There is no easy way to say this, but growing up sucks. I would not recommend it.
When you’re a child, you can’t wait to become older. To reach the double digits. To turn 13, be a “real teenager” and watch PG-13 films; then 16, so you can finally drive. Before you turn 18 to become a “real adult,” you have to turn the highly romanticized 17. At 18, you get some of the responsibilities of an adult but are still considered a child, and God forbid, you take a sip of alcohol before you’re 21. Now I’m at the weird age of 19 where technically I’m still a teenager and not quite living it up in my 20s, though somehow I’m expected to act like an adult and try to find my own way in the world.
I’m not so sure I want that to happen. To cope, I turn to books. I find comfort in re-reading books I loved in middle school, whether those be actual middle-grade books or young adult books. Authors like Rick Riordan, Wendy Mass and Morgan Matson transport me into a simpler time. However, I realize that I’m no longer the target audience for these books, which is a hard pill to swallow.
Most middle-grade fiction is targeted toward the ages of 8 to 12, while young adult fiction lingers in the teenage years. It’s all overwhelming, and sometimes intimidating, once you throw in the emerging “new adult” for a reader who just wants a break from it all. Would it be too much to ask for a protagonist in college?
When I read about protagonists that are older than me, I pray that my life is as highly romanticized as theirs. On the other hand, when I read about protagonists that are younger than me, I almost feel superior to them because I presumably know more than they do. In reality, I’m not more mature or more knowledgeable; I still find it difficult to grasp the idea of growing up. It’s strange to read about a time that I can never get back. Although I would never want to relive high school, I still envy the 16- and 17-year-olds in my favorite young adult books. In my mind, they’re forever stuck at the age they are in their respective work of fiction. They don’t have to experience the real world and all its misfortunes. I can vicariously experience their adventures and friendships over and over again.
Earlier this year, I embarked on the daunting task of re-reading all seven Harry Potter books. Was I embarrassed by that fact? A little. Somehow, I equate how old I am with the types of books I read, and I expect others to do the same. I assume other people my age probably don’t re-read Harry Potter in their free time because we’re supposed to read educational and enlightening books as we grow older, right? I’m not discrediting middle-grade and young adult books — I’ve continued to learn valuable lessons while reading them. More importantly, themes in middle-grade and young adult fiction books, like love and friendship, don’t just disappear as you grow older.

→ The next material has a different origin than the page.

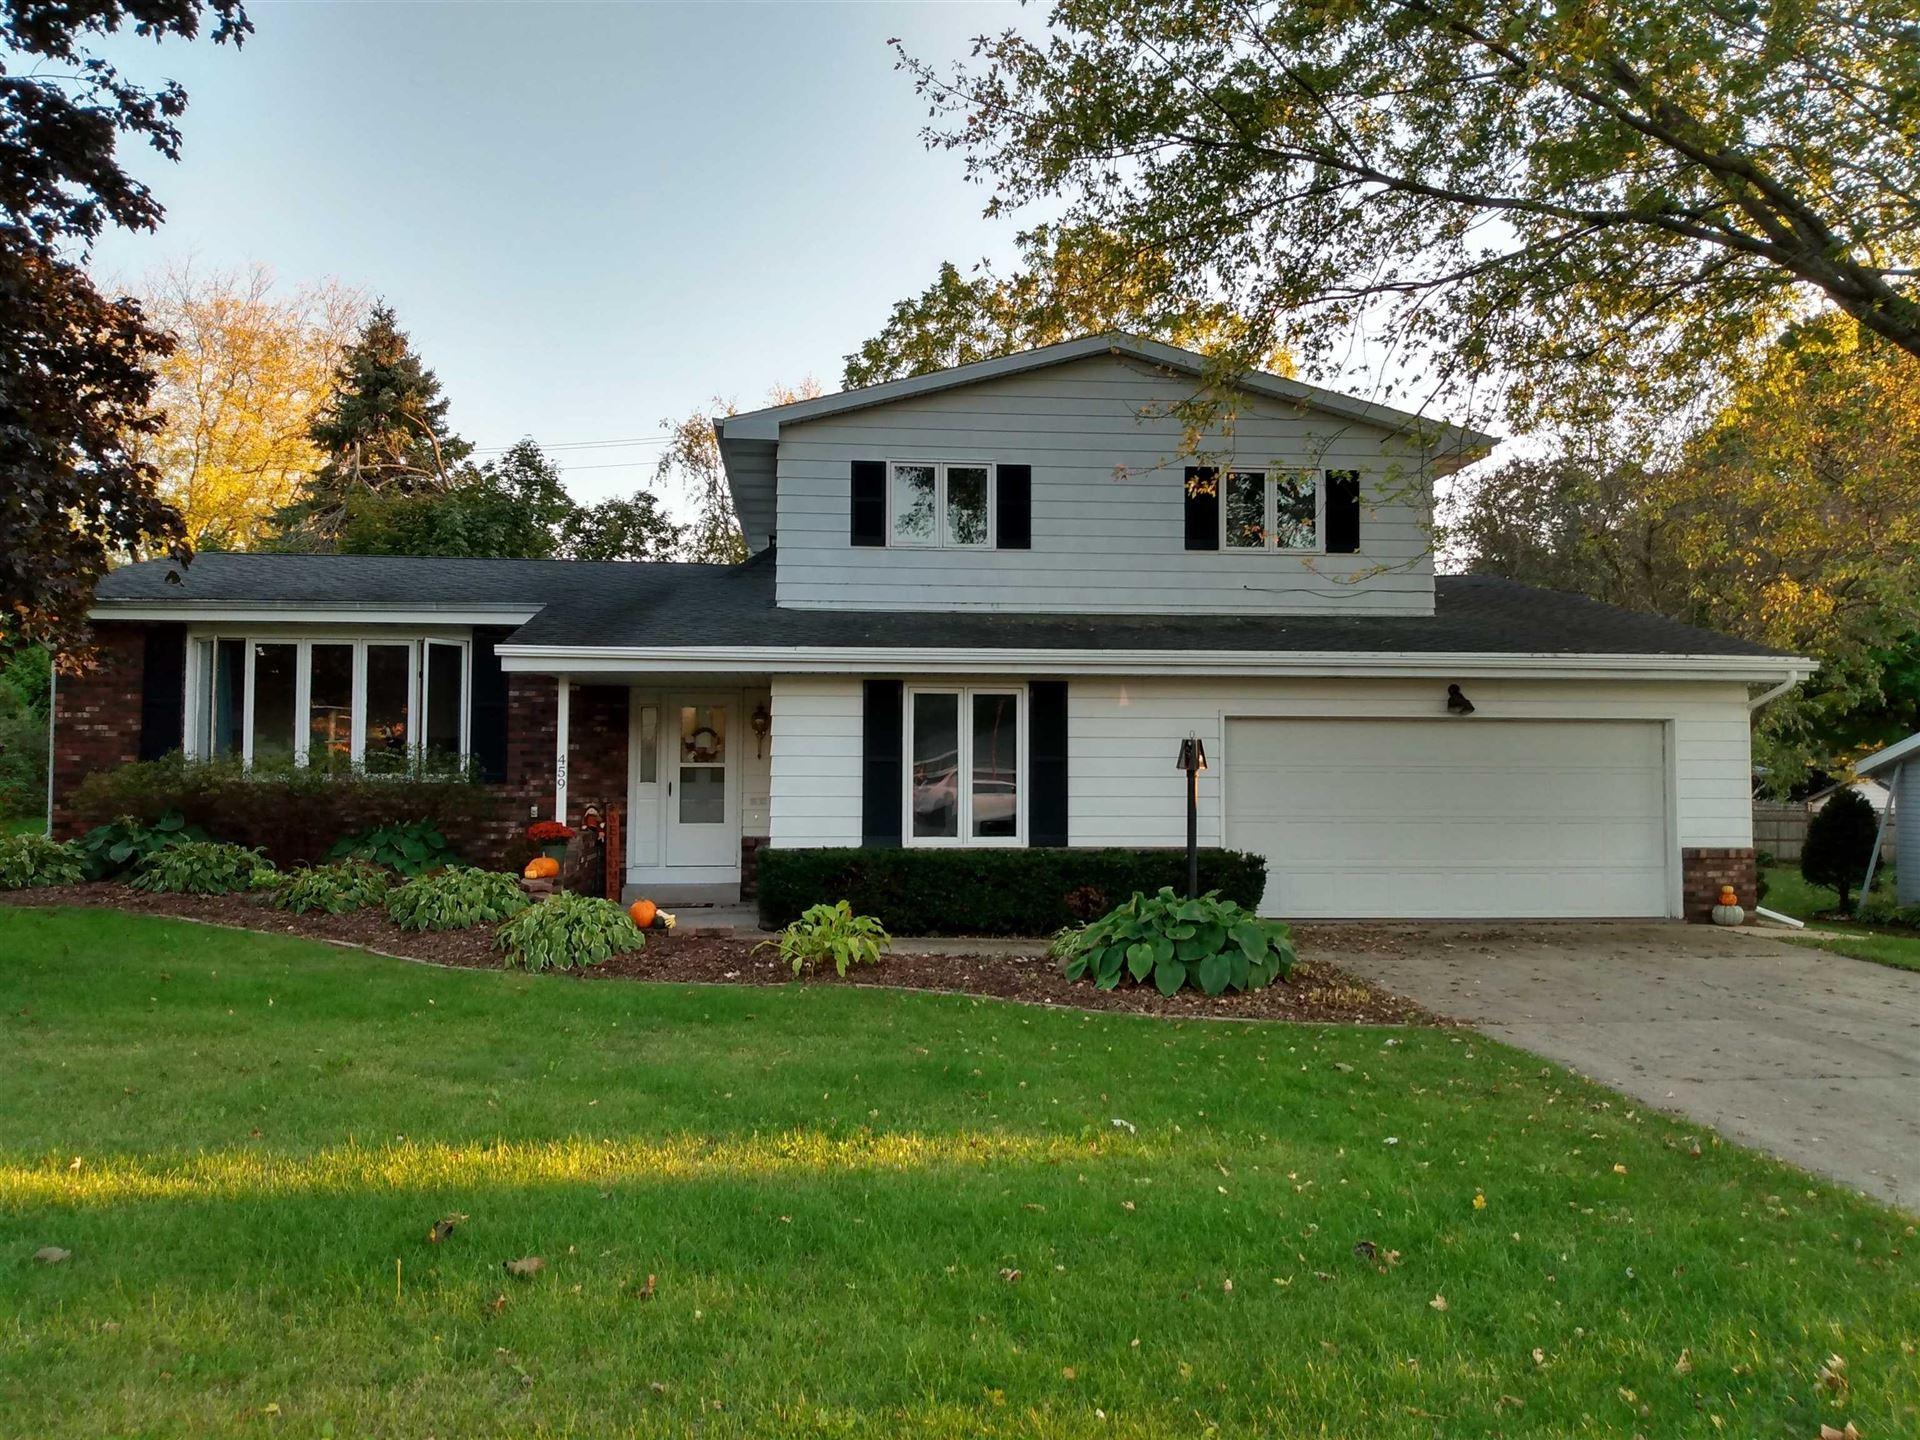 459 Garfield Ave, Evansville, WI 53536 - #: 1921937

Sometimes I feel like everyone around me is progressing in some monumental way, yet at other times I’m convinced we’re all dealing with our own shit. Adults in my life will applaud me for how “mature for my age I am,” but that doesn’t sound as rewarding as it did when I was a child. Adults in my life will look down upon my peers for literally acting their age and still look at me like I’m the poster child for a job well done. I’m not. I’m just like people my age. I find it so hard to allow myself to be and act in the present while coming to terms with my inevitable growth. Although I’m 19, I still feel 17, partly because I can’t comprehend myself being any older. The crazy thing about age is that you just keep getting older. I’ll listen to songs like “It’s Not the Same Anymore” by Rex Orange County, “Older” by Alec Benjamin or even “Never Grow Up” by Taylor Swift and mourn for my childhood that I can never relive. Still, I find ways to heal my inner child and deal with this constant liminal state.